Actieve immunisatie met het HepB-vaccin met of zonder passieve immunisatie met HBIG wordt gebruikt voor HBV-post-expositieprofylaxe (PEP) bij bepaalde personen die zijn blootgesteld aan HBV of HBsAg-positief materiaal (bijvoorbeeld gezondheidszorgpersoneel, slachtoffers van seksueel geweld, seksuele of intieme contacten van personen met een acute of chronische HBV-infectie). (Zie Post-expositieprofylaxe van infectie met het hepatitis B-virus [HBV] onder Toepassingen.)

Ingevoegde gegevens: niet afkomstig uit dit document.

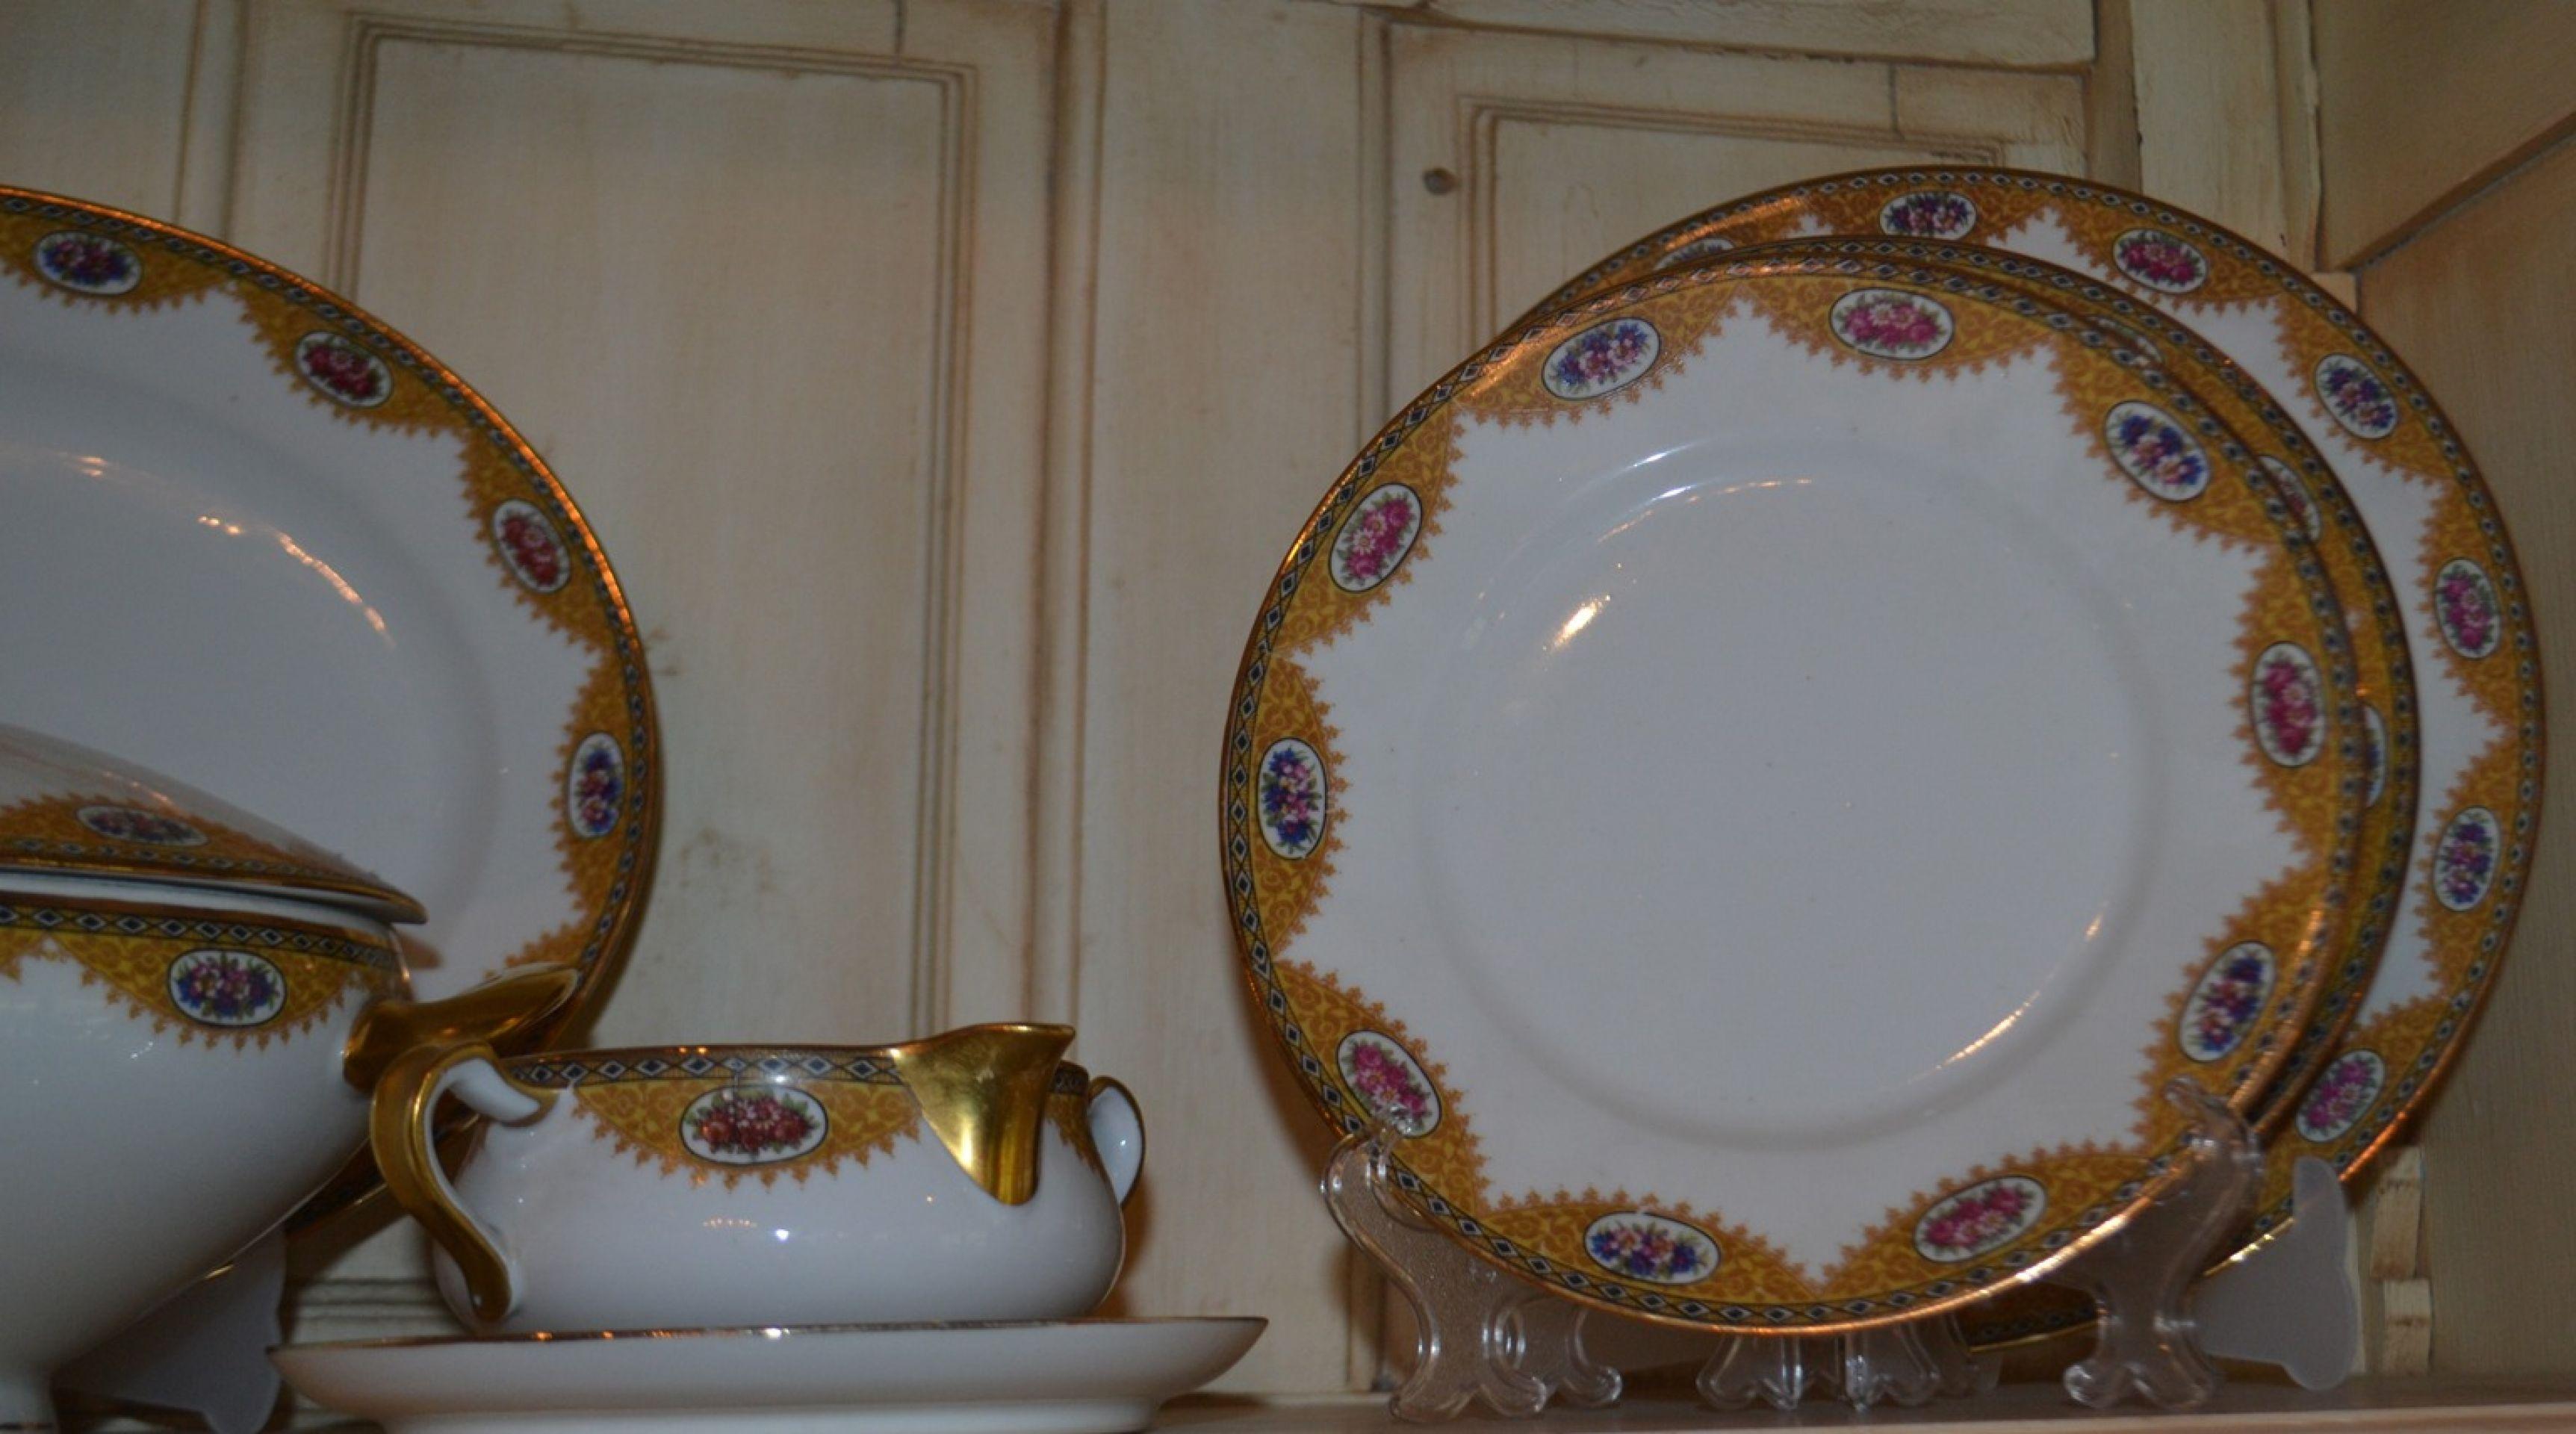 52 Piece set of Limoges Porcelain Dinnerware

Met uitzondering van infectie met het hepatitis D-virus (HDV), zal het monovalente HepB-vaccin geen hepatitis voorkomen die wordt veroorzaakt door andere virussen waarvan bekend is dat ze de lever, inclusief hepatitis A-virus (HAV), hepatitis C-virus (HCV) of hepatitis E-virus (HEV). HDV komt alleen voor als co-infectie of superinfectie bij patiënten met HBV-infectie; individuen die immuun zijn voor HBV zouden ook immuun moeten zijn voor HDV.

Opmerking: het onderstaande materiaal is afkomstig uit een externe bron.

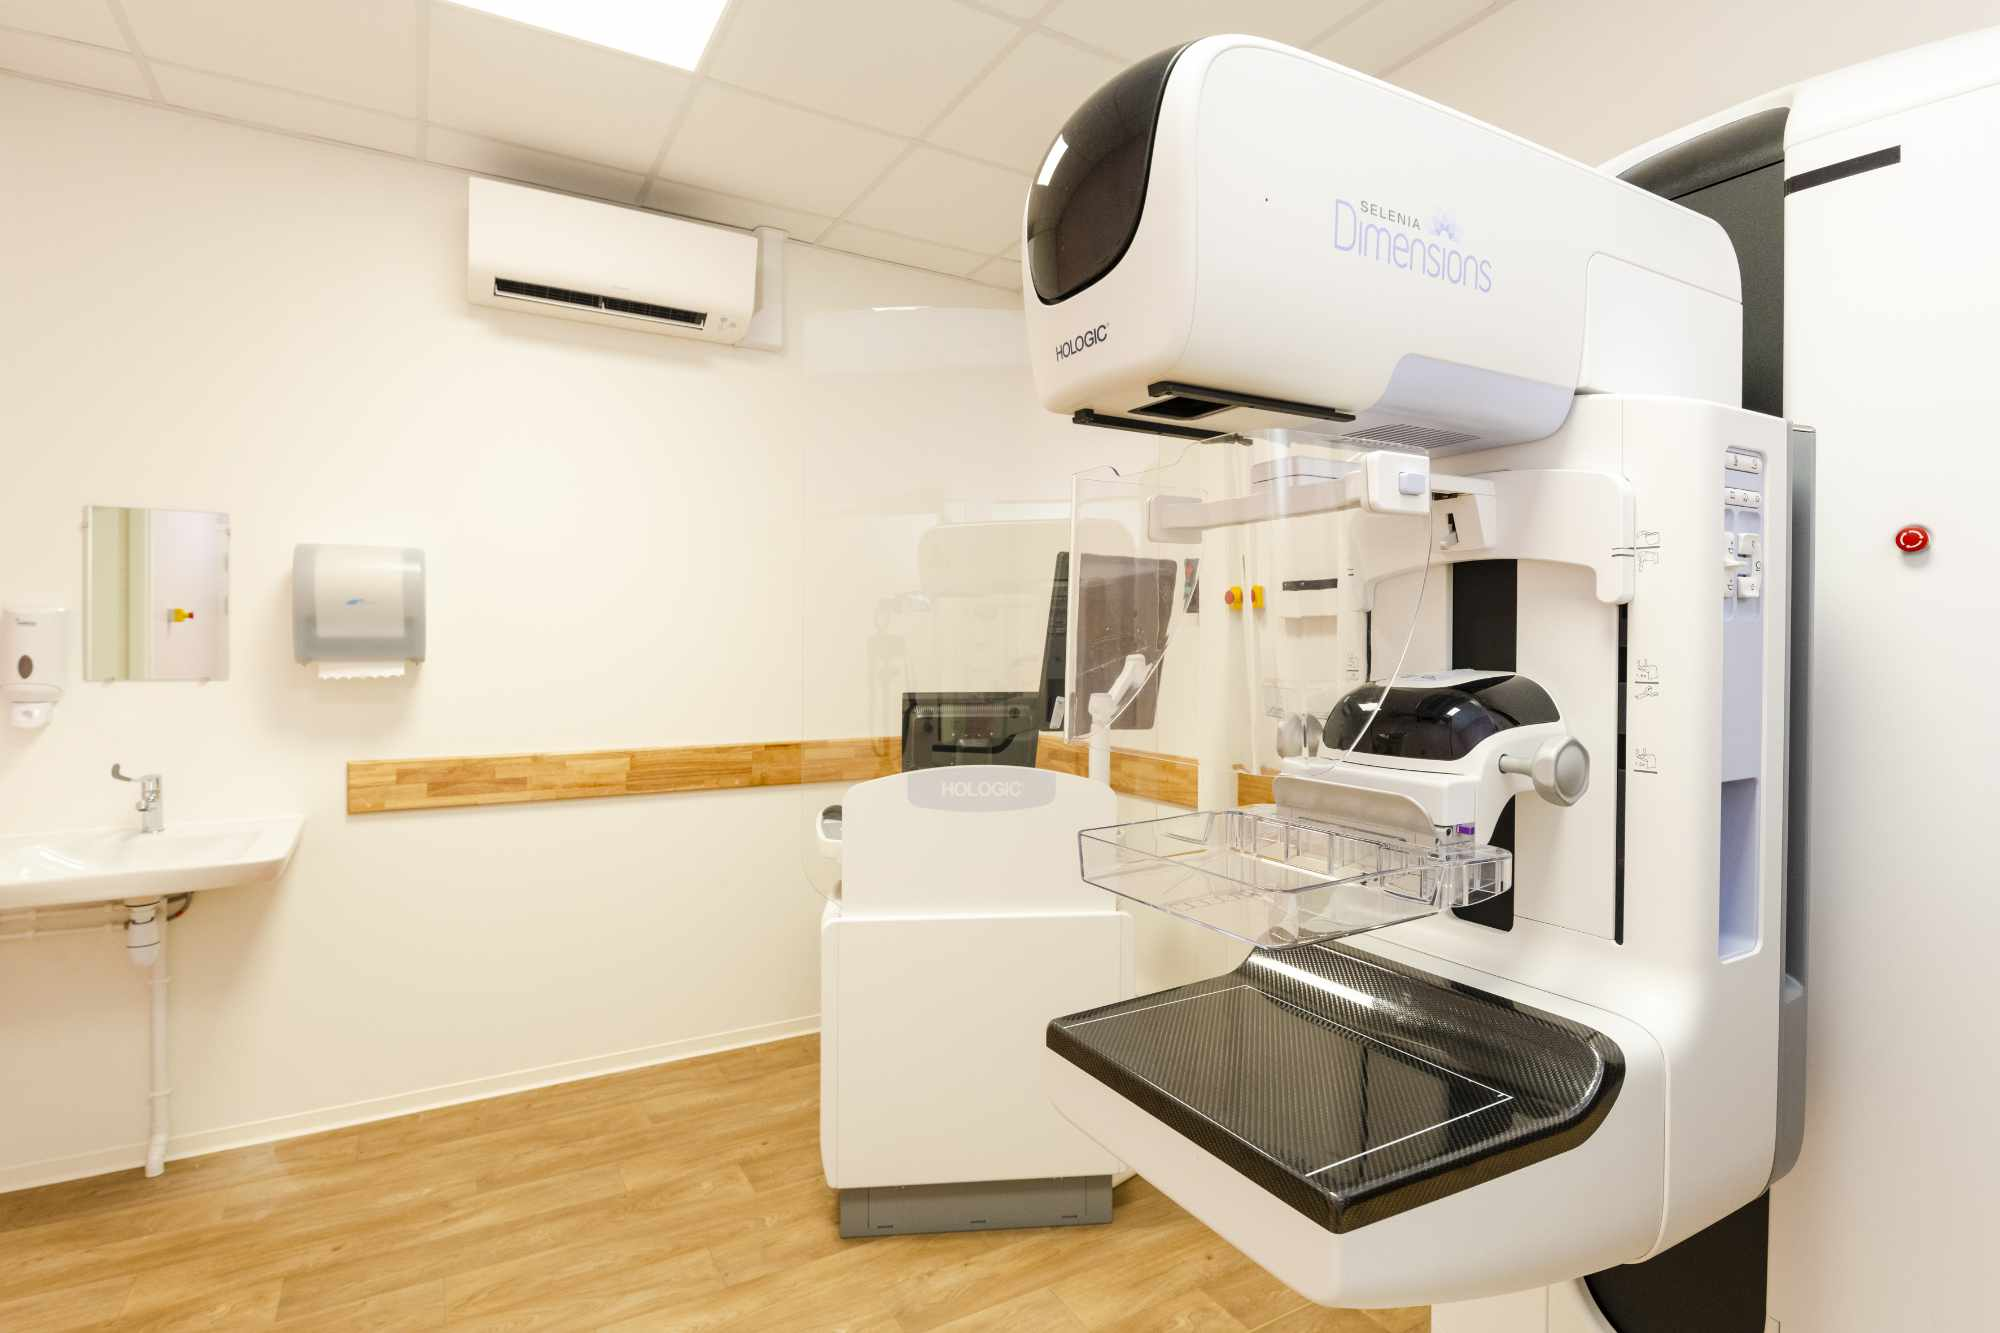 Hôpital Issoire

Wanneer een dosis HepB-vaccin en een dosis Haemophilus influenzae type b (Hib)-vaccin beide geïndiceerd zijn bij een baby van 6 weken tot 15 maanden oud geboren uit een HBsAg-negatieve vrouw, is de in de handel verkrijgbare vaste - Er kan een combinatievaccin worden gebruikt dat het Hib-conjugaatvaccin (meningokokkeneiwitconjugaat) en het HepB-vaccin (Hib-HepB; Comvax) bevat. ACIP stelt dat dit vaccin met een vaste combinatie ook kan worden gebruikt om de HepB-vaccinreeks te voltooien bij zuigelingen van 6 weken tot 15 maanden oud van HBsAg-positieve vrouwen† [off-label]. Comvax mag niet worden gebruikt voor de initiële (geboorte)dosis van het HepB-vaccin die bij pasgeborenen is geïndiceerd.

Als er geen contra-indicaties zijn voor een van de afzonderlijke componenten, kan het in de handel verkrijgbare vaste combinatievaccin dat difterie-, tetanus-, kinkhoest-, hepatitis B- en poliovirusantigenen bevat (DTaP-HepB-IPV; Pediarix) worden gebruikt. gebruikt bij zuigelingen en kinderen van 6 weken tot en met 6 jaar geboren uit HBsAg-negatieve vrouwen. ACIP stelt dat dit vaste-combinatievaccin ook kan worden gebruikt om de HepB-vaccinreeks te voltooien bij zuigelingen ≥6 weken oud geboren uit HBsAg-positieve vrouwen† [off-label]. Pediarix mag niet worden gebruikt voor de initiële (geboorte)dosis van het HepB-vaccin die bij pasgeborenen is geïndiceerd. Pediarix bevat difterie-, tetanus- en kinkhoestantigenen die identiek zijn aan die in het Infanrix DTaP-vaccin en bevat HBV-antigeen dat identiek is aan dat in het Engerix-B HepB-vaccin.

Wanneer vaccinatie tegen zowel HBV als HAV geïndiceerd is bij volwassenen Vanaf de leeftijd van 18 jaar kan het in de handel verkrijgbare vaste combinatievaccin dat het geïnactiveerde hepatitis A-virusvaccin en het HepB-vaccin (HepA-HepB; Twinrix) bevat, worden gebruikt.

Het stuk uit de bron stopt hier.